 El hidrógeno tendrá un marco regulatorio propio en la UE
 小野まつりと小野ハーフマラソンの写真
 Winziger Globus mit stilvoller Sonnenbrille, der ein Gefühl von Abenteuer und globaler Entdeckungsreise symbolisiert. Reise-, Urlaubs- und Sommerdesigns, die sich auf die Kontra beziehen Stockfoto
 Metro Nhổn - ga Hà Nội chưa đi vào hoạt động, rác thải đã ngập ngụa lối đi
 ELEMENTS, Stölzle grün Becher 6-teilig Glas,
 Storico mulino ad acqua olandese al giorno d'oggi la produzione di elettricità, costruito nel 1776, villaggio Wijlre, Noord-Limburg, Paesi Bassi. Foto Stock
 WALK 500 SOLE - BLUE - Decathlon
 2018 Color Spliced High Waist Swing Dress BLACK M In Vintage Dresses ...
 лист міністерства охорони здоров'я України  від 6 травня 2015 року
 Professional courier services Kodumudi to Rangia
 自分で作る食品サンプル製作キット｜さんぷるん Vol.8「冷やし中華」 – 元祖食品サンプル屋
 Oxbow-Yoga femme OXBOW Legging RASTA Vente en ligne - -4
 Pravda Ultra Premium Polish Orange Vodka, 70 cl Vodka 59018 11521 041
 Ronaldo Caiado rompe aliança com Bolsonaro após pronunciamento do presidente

+ + + + +

Reproduce, word for word, every line starting at the line that contains "2018 Color Spliced" and ending with the final line of the entries.

 2018 Color Spliced High Waist Swing Dress BLACK M In Vintage Dresses ...
 лист міністерства охорони здоров'я України  від 6 травня 2015 року
 Professional courier services Kodumudi to Rangia
 自分で作る食品サンプル製作キット｜さんぷるん Vol.8「冷やし中華」 – 元祖食品サンプル屋
 Oxbow-Yoga femme OXBOW Legging RASTA Vente en ligne - -4
 Pravda Ultra Premium Polish Orange Vodka, 70 cl Vodka 59018 11521 041
 Ronaldo Caiado rompe aliança com Bolsonaro após pronunciamento do presidente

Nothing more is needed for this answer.